The commitment deepens relationships in an ecosystem that helped make AMD’s chiplet strategy viable. It also concentrates execution in a region exposed to earthquakes, power constraints and geopolitical tension. Advanced packaging has become a bottleneck across the AI industry, and capacity commitments made years ahead can determine which supplier ships. Su needs enough reserved production to meet large contracts without paying for capacity that becomes stranded if customer schedules change.
Korea broadens part of the supply network. AMD and Samsung are collaborating on HBM4 memory for future Instinct products, while Naver Cloud and Upstage are deploying AMD technology for Korean AI infrastructure. In India, Tata Consultancy Services is co-developing Helios-based systems for enterprise and sovereign uses. A planned venture with Cisco and Saudi Arabia’s Humain is intended to begin with 100 megawatts and build towards one gigawatt by 2030. These relationships extend the platform beyond two American laboratories.

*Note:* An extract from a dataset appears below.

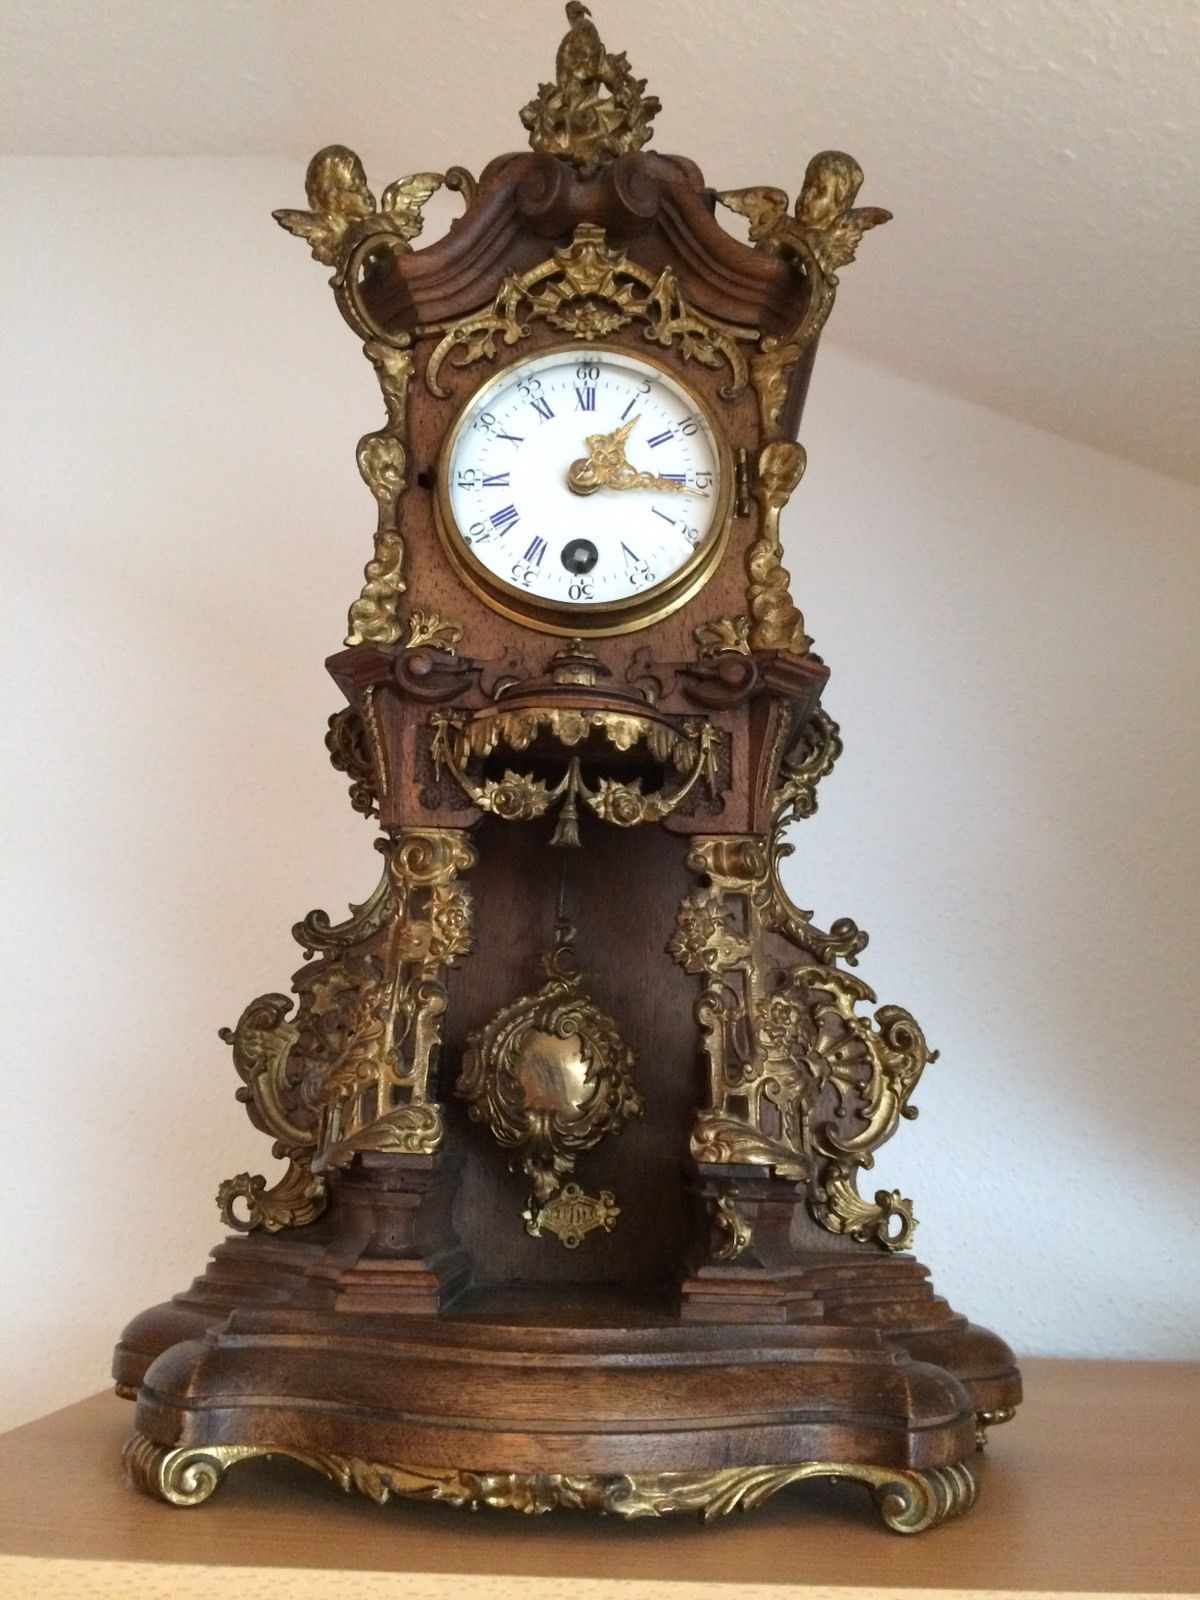 Lenzkirch Kaminuhr Mit Pendel Ca Um 1880 Ebay Antique Wall Clocks Antique Clocks Vintage Clock

Regional demand also carries policy conditions. Governments want local data control, domestic workforce development and reliable access through export-policy changes. AMD can position an open system as compatible with sovereign requirements, but it remains subject to US controls and an Asian manufacturing chain. Customers may ask for local assembly, source transparency or multi-vendor support that complicates delivery. Winning the order is only the start of a long institutional negotiation.
The cost of becoming a platform
Su rebuilt AMD by choosing areas where disciplined design and outsourced manufacturing could overcome a far larger rival. The AI opportunity requires the same clarity at a different scale. The company must invest in software, networking, systems engineering and customer support before the associated revenue is fully visible. Research spending and operating expenses are rising, while each product generation requires earlier supply commitments.
There is a danger in expanding the story too widely. AMD also sells personal-computer processors, gaming products, embedded devices and adaptive chips. Those businesses generate cash, relationships and intellectual property, but management attention and capital allocation can become diffuse. Data-centre AI is now the primary growth engine. Su has to protect the rest of the portfolio without allowing slower businesses to obscure accountability for the MI450 ramp.
The clearest proof will arrive through operating measures rather than new contracts. Investors need to see production systems accepted on schedule, ROCm workloads moving into service, data-centre revenue accelerating and gross margins holding as system content increases. Customers need competitive cost per useful token and confidence that later generations will preserve their software investment. Suppliers need forecasts reliable enough to justify scarce capacity.
Lisa Su has secured the demand signal AMD spent years trying to create. The multi-gigawatt commitments can shift bargaining power in AI infrastructure and give buyers a credible second platform. Their value now rests on a chain of execution running through software teams, Taiwanese packaging lines, Korean memory and customer data centres. If that chain holds in the second half of 2026, AMD will have crossed from challenger chip vendor to infrastructure platform. If it breaks, the size of the promises will make the shortfall impossible to disguise.